Gardiner y Mr.Chance

Existe el pensamiento. Y luego está esto otro: "En todo jardín hay una época de crecimiento. Existe la primavera y el verano, pero también el otoño y el invierno, a los que suceden nuevamente la primavera y el verano. Mientras no se hayan seccionado las raíces, todo está bien y seguirá estando bien". Quien lo decía era el experto financiero Chauncey Gardiner, respondiendo al presidente de los EEUU en relación con la situación por la que atravesaba la Calle, Wall Street; era Mr. Chance, el jardinero-autista creado por Jerzy Kosinski (Desde el jardín, 1970, adaptada al cine, con guión del autor y protagonizado por Peter Sellers, como Bienvenido, Mr. Chance, 1979, por resonancias berlanguianas). "Debo reconocer, señor Gardiner -le respondió el presidente-, que hace mucho, mucho tiempo no escucho una observación tan alentadora y optimista como la que acaba de hacer", y continuaba elogiando a su confidente para temas financieros y haciendo sofisticadas apreciaciones a partir de aquella observación naturalista de las finanzas.

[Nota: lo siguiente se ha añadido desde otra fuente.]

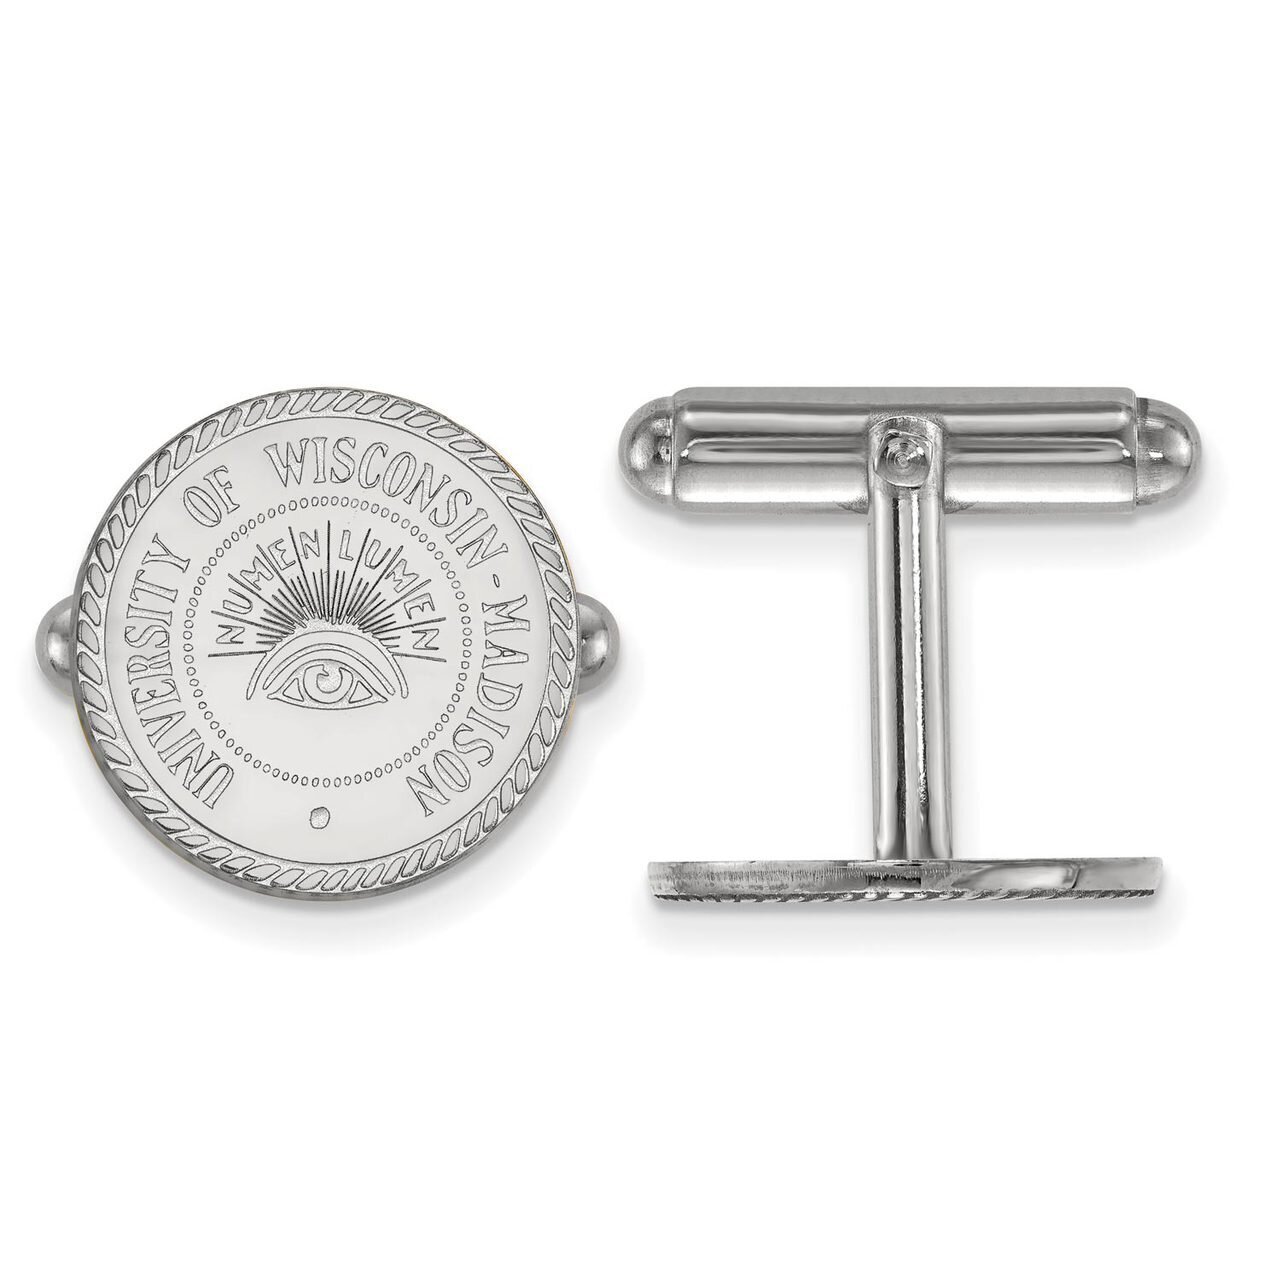 University of Wisconsin Crest Cufflinks Sterling Silver SS082UWI

Mr. Chance fue creado como el gran enigma de la política americana y su parodia. Jardinero formado desde niño junto a su amo, incapaz de reconocer nada que no tuviera que ver con su pequeño jardín y lo visto en TV, era transformado, por un leve embrollo, en un ser de apreciaciones extraordinarias por su sencillez; influyente en Wall Street y en el entorno del presidente; increíble imán para el dinero, el poder y el sexo. Finalmente, tras caer el viejo presidente, era nominado candidato. En la fiesta de nominación, Chance sintió que todo lo que había conocido fuera de su mundo, el jardín, se desvanecía al ver a su "amante" en brazos de un condecorado general. Atravesando la nube de cámaras que le esperaba, tras cruzar un portón, se encontró en un jardín. En un-su jardín. "Ni un solo pensamiento turbó la mente de Chance -dice Kosinski-. La paz reinaba en su corazón". Estaba de nuevo en el jardín, el sencillo y seguro jardín.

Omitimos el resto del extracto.